O dobrar de cerviz do ministro Gaspar ante o ministro das Finanças alemão, transmitido pelas televisões na passada semana, durante o último ECOFIN, deita definitivamente por terra as juras de que a Grécia seria um caso único. Por cá, com um cinismo a toda a prova, alguns dos que há nove meses negociaram a venda do País invocam agora uma alteração dos pressupostos deste primeiro pacto de agressão para, tal como sucede na Grécia, abrir caminho a um segundo, lá para 2013.

No fundo, todos admitem agora o que já todos há muito perceberam (a começar pelos «mercados»): nas condições dos pactos de agressão FMI-UE, a dívida é impagável.

Neste contexto, confirmam-se duas teses essenciais:

A primeira: que as medidas do actual Governo, longe de serem temporárias ou excepcionais, visam na verdade uma subversão e reconfiguração profunda e duradoura do regime democrático-constitucional.

A segunda: que a derrota deste pacto de agressão constitui a mais premente tarefa que se coloca aos trabalhadores e ao povo português. A luta, previsivelmente prolongada, contra a sua aplicação, constituirá um factor decisivo na determinação do rumo da vida nacional nos próximos anos, ou mesmo décadas.

 

Um novo tratado europeu

 

A aplicação, no plano interno, das medidas do pacto de agressão FMI-UE/PS-PSD-CDS, decorre no contexto de inquietantes e perigosos saltos no processo de integração capitalista europeia.

Depois da «governação económica» e do «pacto para o euro mais», surge agora o chamado «pacto orçamental e fiscal», inscrito no Tratado sobre a Estabilidade, Coordenação e Governação na União Económica e Monetária.

A intenção é forçar a inscrição nas constituições nacionais ou em «lei equivalente» (com carácter «permanente») dos critérios do Pacto de Estabilidade, na sua versão revista e reforçada, ou seja, a imposição de orçamentos sem défice, ou seja, perpetuar as políticas ditas de austeridade – as políticas dos pactos de agressão FMI-UE.

Em caso de incumprimento por parte de um Estado, é despoletado «automaticamente» um «mecanismo de correcção», que obrigará esse Estado a implementar medidas, definidas pela Comissão Europeia, que corrijam os «desvios». E de ora em diante, será adoptado o princípio da «maioria invertida» para a aplicação de sanções. Ou seja, as sanções – que poderão ir até 0,1 por cento do PIB (cerca de 170 milhões de euros, aos valores actuais) – passarão a ser automáticas, só podendo ser impedidas por uma maioria qualificada de estados-membros.

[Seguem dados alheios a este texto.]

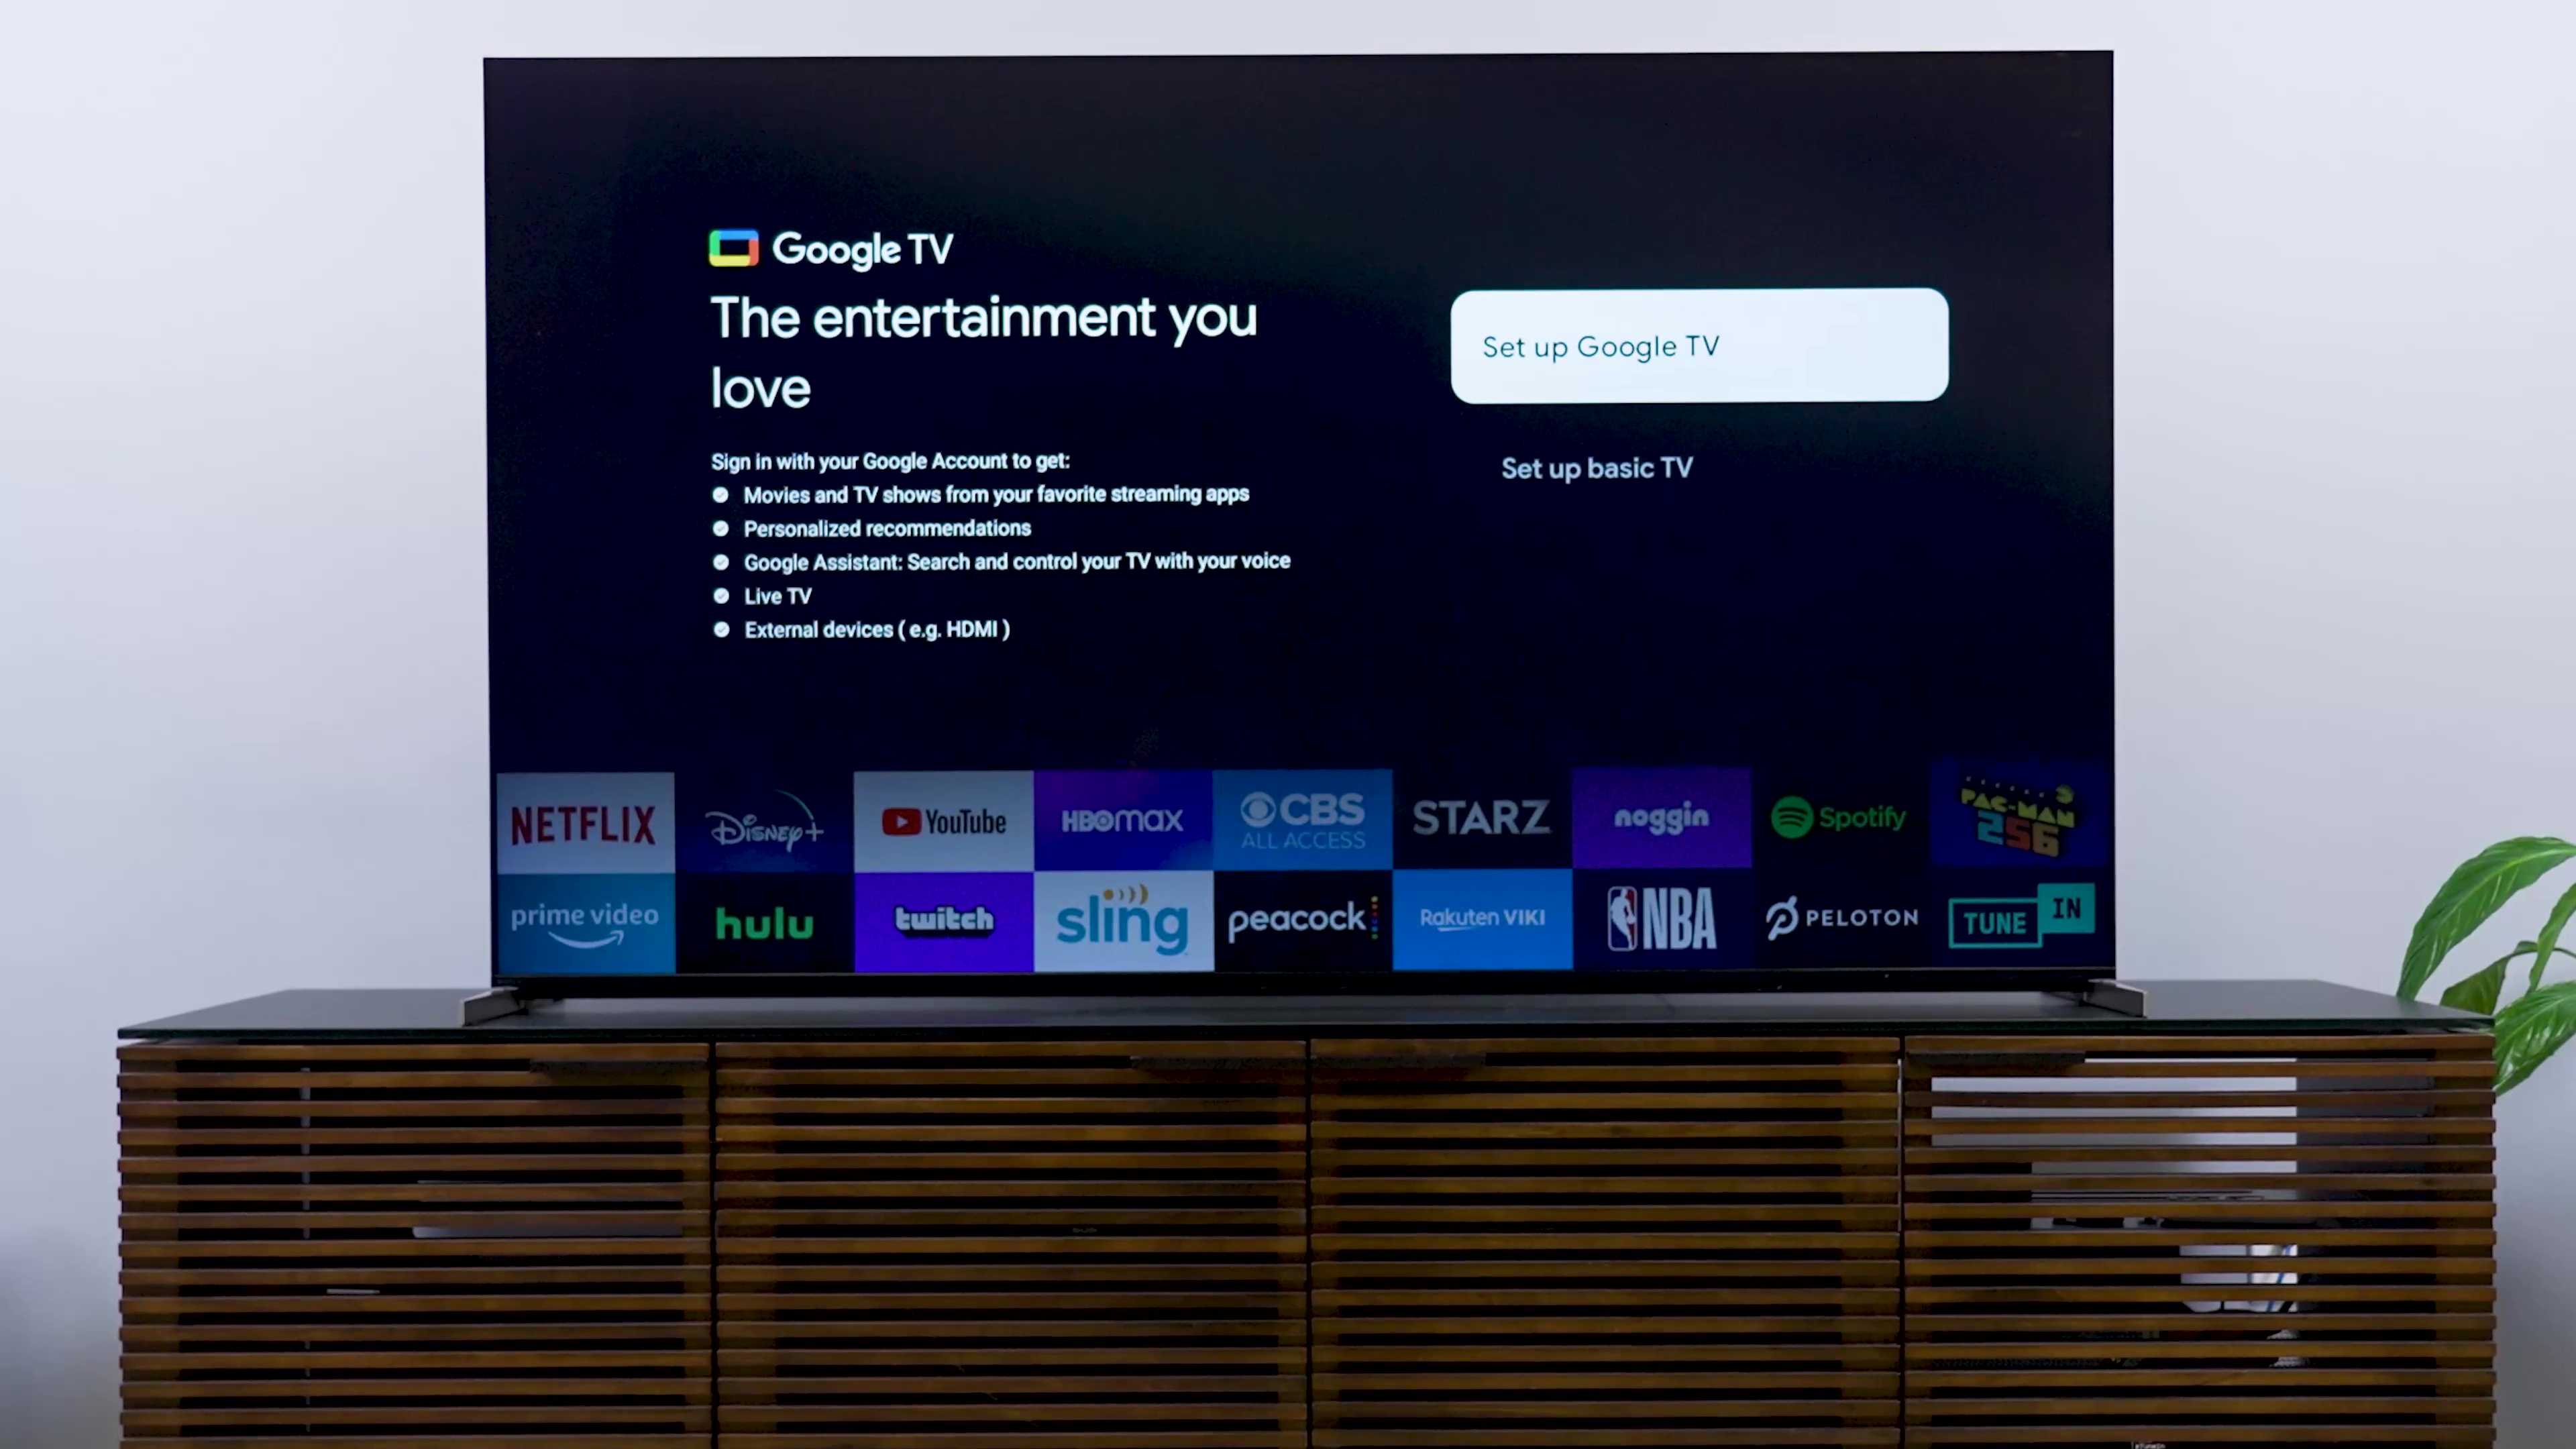 A interface do Google TV em uma TV Mini-LED Sony Bravia X93L.

Agrava-se a escalada no ataque à soberania dos povos e à democracia, através de um tratado que foi feito à margem das regras da própria UE, e que se quer assinar à pressa e à força, nas costas dos povos, ainda no primeiro trimestre de 2012.

A luta, em Portugal, contra o pacto de agressão é indissociável da luta contra este tratado, que o quer eternizar. Uma luta que se vai ampliando pela Europa fora, e que é semente de esperança para um futuro melhor.